Lo primero que veo es la silueta de su cuerpo que la penumbra esboza entre las tinieblas. Me siento como un niño que recibe su primer regalo de Navidad. La suavidad de las líneas me permite comprobar que nada la cubre, y el niño ansioso por el regalo es sustituido por un tipo mucho mayor cargado de lascivia. Es ella quien enciende la luz, una luz que hace partir sombras tan pequeñas como sus senos, sombras proyectadas por el monte de Venus, ocultando el pubis. El resto de ella es blanco, luminoso.
Su piel parece seda, sabe a seda y tiene el tacto de la seda. No necesito tocarla para comprobarlo. Su esbelto cuerpo se proyecta hacia arriba como una de esas actrices de cinemascope por televisión. Es alargada, no alta. Esbelta y no delgada. Sutil y no brusca. ¿Qué importa que esté desnuda? Eso es un adorno más, como podría haberlo sido una chaqueta o una falda. Porque ella, que la he visto con ropa y sin ropa, despide una luz capaz de atravesar cualquier tela, cualquier piel. Tiene ese espectro que traspasa los límites de lo físico, que es sensualidad pura encarnada en una envoltura carnal al azar. Tiene esa inocencia candorosa que hace que uno se ofenda al verla desnuda, y esa malignidad de súcubo que hace insoportable verla vestida.
Desde ahí, me proyecto, me fragmento enclavándome en cada uno de sus preciados y preciosos tesoros, aferrándome a ellos, fundiéndome entre su vello y su sudor. Recorro su nuca para producirla escalofríos; sus pechos para producirla estremecimientos, su pubis para que toque el cielo… Quiero hacerla sentir que estoy aquí, pues con su suntuosidad opaca a todo aquel y a todo aquello que no sea ella… Ante Amalia, los márgenes de mi mirada se diluyen y el resto de la habitación se difumina… pierdo la consciencia de que existo y sólo soy consciente de que existe ella… Ella, Amalia, la musa que se aparece a los pintores de desnudos durante el sueño, la amante que poblaba las infieles fantasías de Zeus, la mujer que nunca será madre aunque sea madre, que nunca será esposa porque será siempre esposa de todos los hombres, que nunca será casta porque ser casta es pecado para ella. …
Rondo tembloroso e inquieto por su cuerpo, tímido y apocado como el niño que entra por primera vez en una iglesia… husmeo como el animal lo hace con una cueva en la que quiere dormir esa noche y, al igual que él, encuentro que hay seguridad allí, que estaré confortable y caliente, que nada ni nadie me hará daño en el mundo mientras este ahí. Pero de pronto me sacudo, ella ha reaccionado. No se opone a mi presencia, pero no quiere que la excluya, que crea que somos dos y no uno… es la diosa tiránica que recuerda a los hombres su existencia y que otorga favores sólo por ser adorada.
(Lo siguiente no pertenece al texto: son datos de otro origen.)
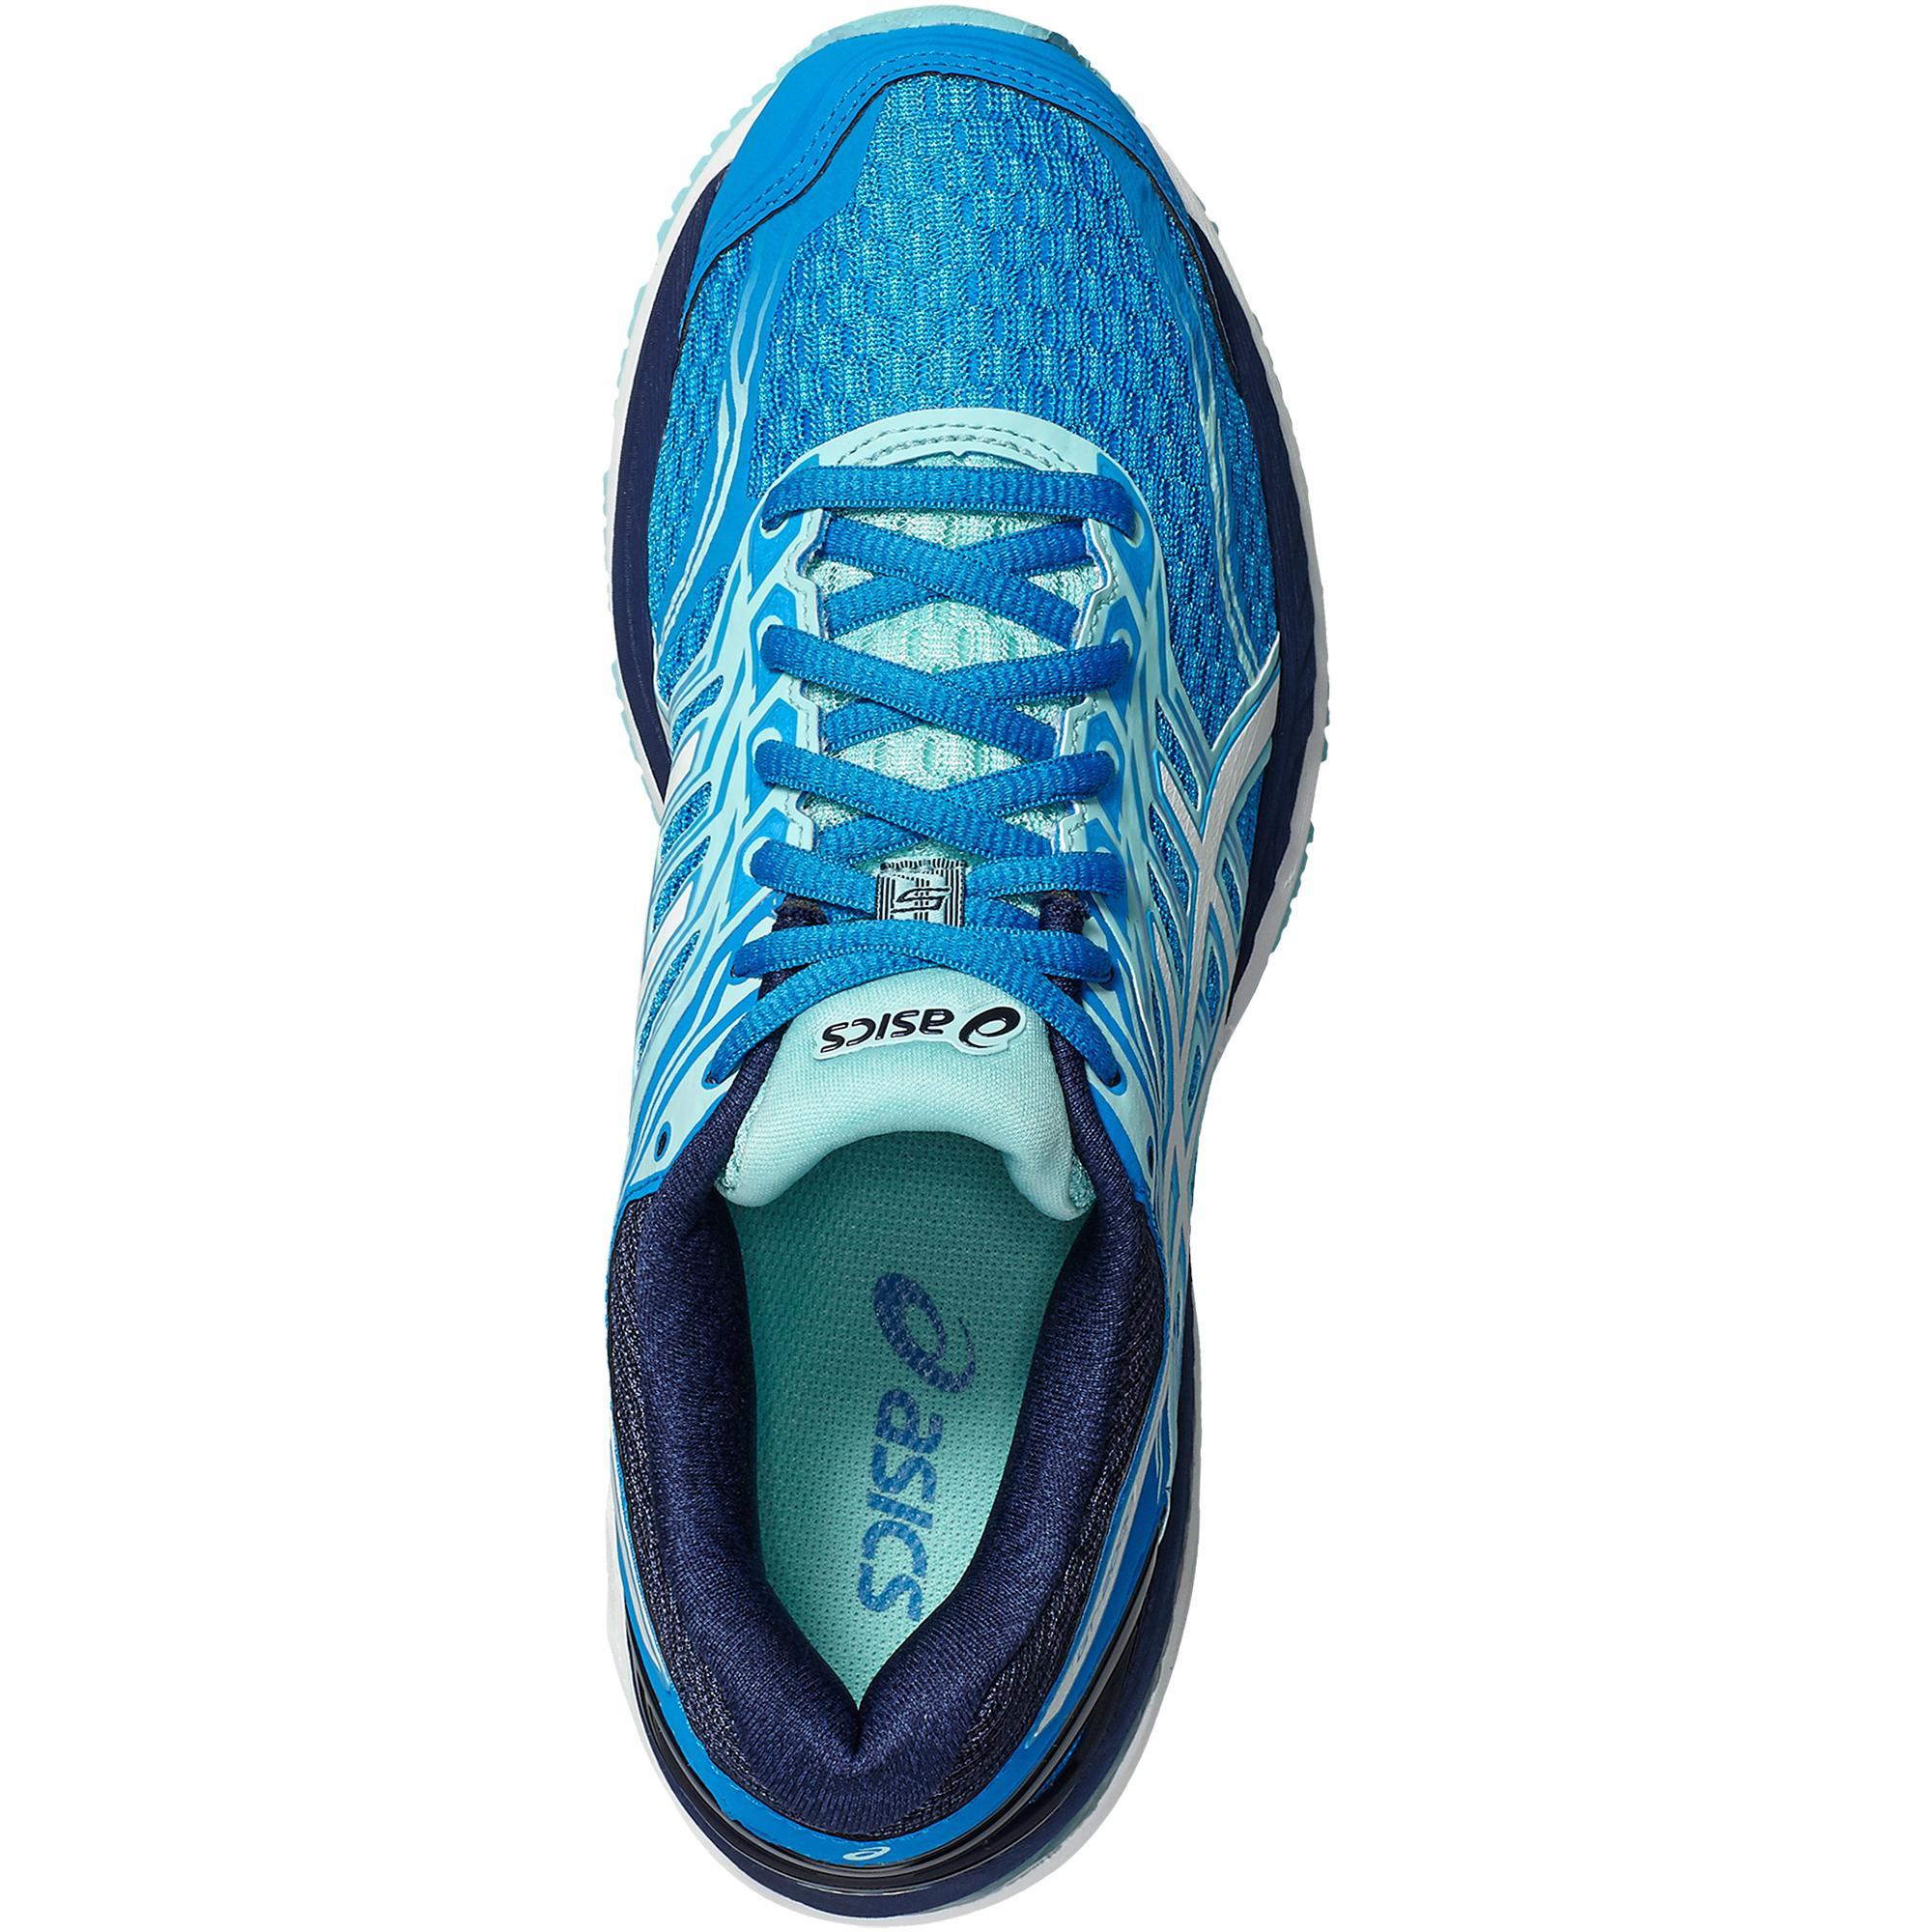 c555997030cf Asics Womens GT-2000 5 Running Shoes - Diva Blue Aqua Splash ...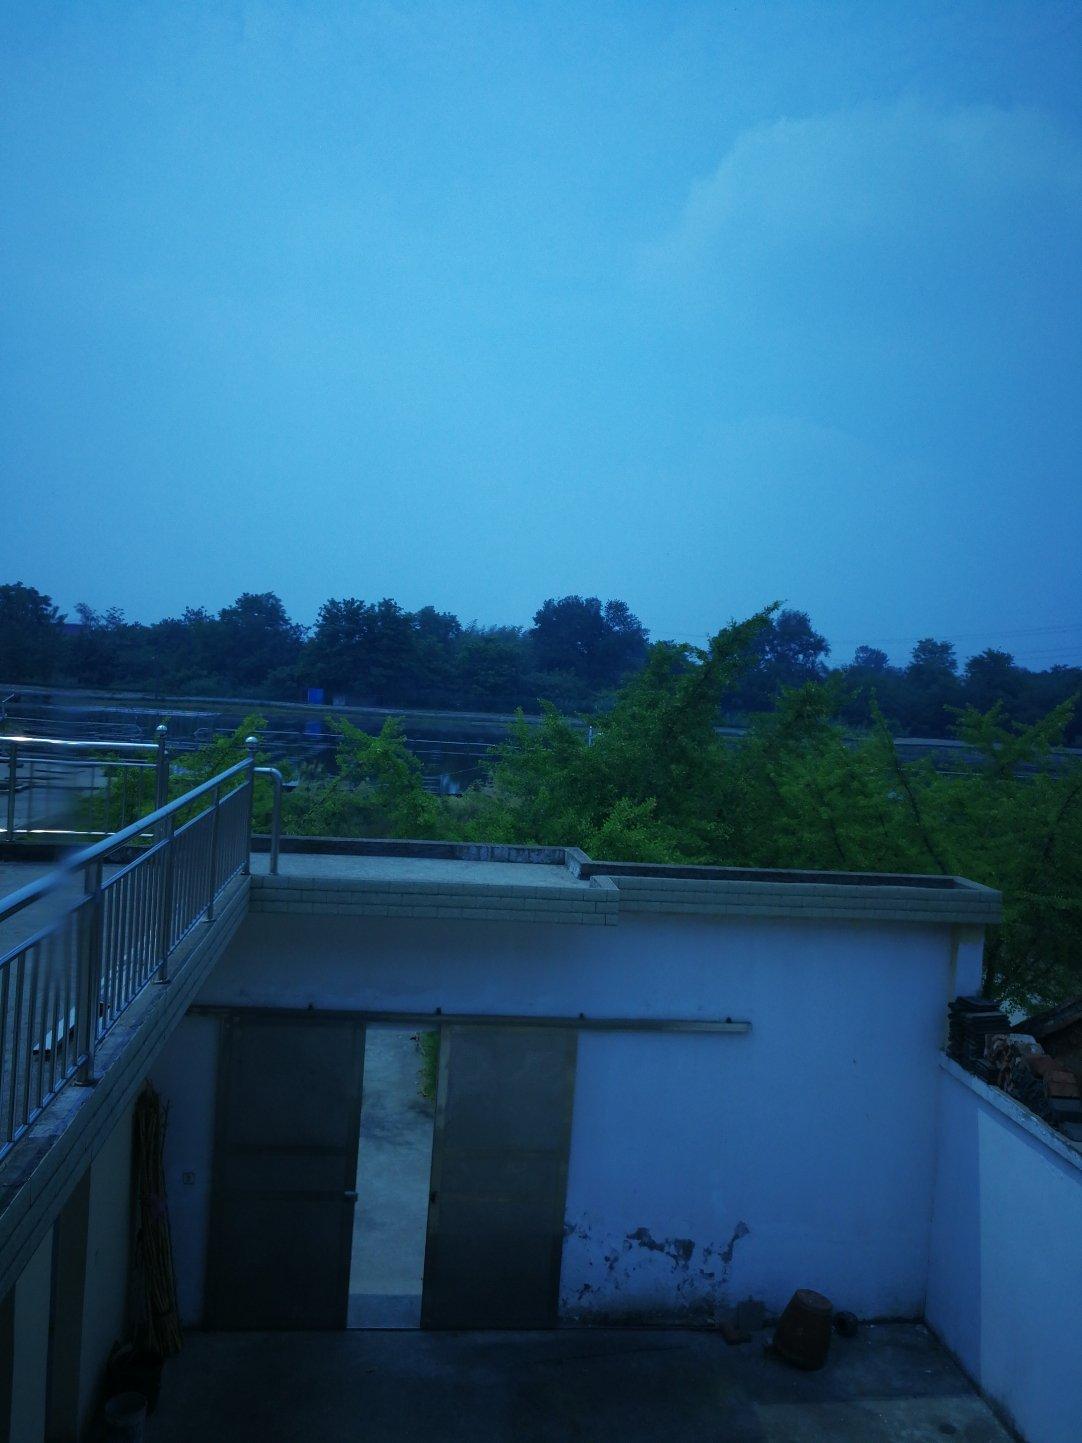 江苏省泰州市高港区_江苏省泰州市高港区s35泰镇高速靠近西王庄天气预报

Me ataca como un súcubo feroz, succionando cada centímetro de mi piel y haciéndome entrar en su ser de todas las depravadas y perversas maneras... Se despoja de su nimbo angelical sustituyéndolo por un aro de fuego, pero mantiene su aureola de inocencia para hacerme sufrir, mostrándome lo que creía que era y actuando como es. Me lleva de la mano hasta el borde, me muestra el abismo y me da esperanzas antes de arrojarme a él... Caigo sin poder asirme y me desbordo por todas partes, notando como ella liba como hidromiel cada migaja de mi placer.
Luego desaparece como el humo, se eleva dejándome con su imagen como única prueba de su existencia… No veo su ropa pero no se ha ido vestida. Sé que ha estado desnuda pero me aborrezco por haberla visto así. La luna entra por la ventana mostrando vagos restos de su perfume que quedaron en el aire. Una diosa vaga libre y colérica por los caminos, iracunda contra aquellos que ignoran su existencia. Esos, esos serán durante unos instantes elegidos como yo. Luego caerán de rodillas, mirando en el suelo el rastro de su huella que va borrando la tierra esparcida por el viento, y lloraran como yo lo hago ahora por la certeza de no volverla a ver nunca más que deja su partida. Y mientras, sus suspiros serán como rezos por una diosa vestida con el nombre de Amalia.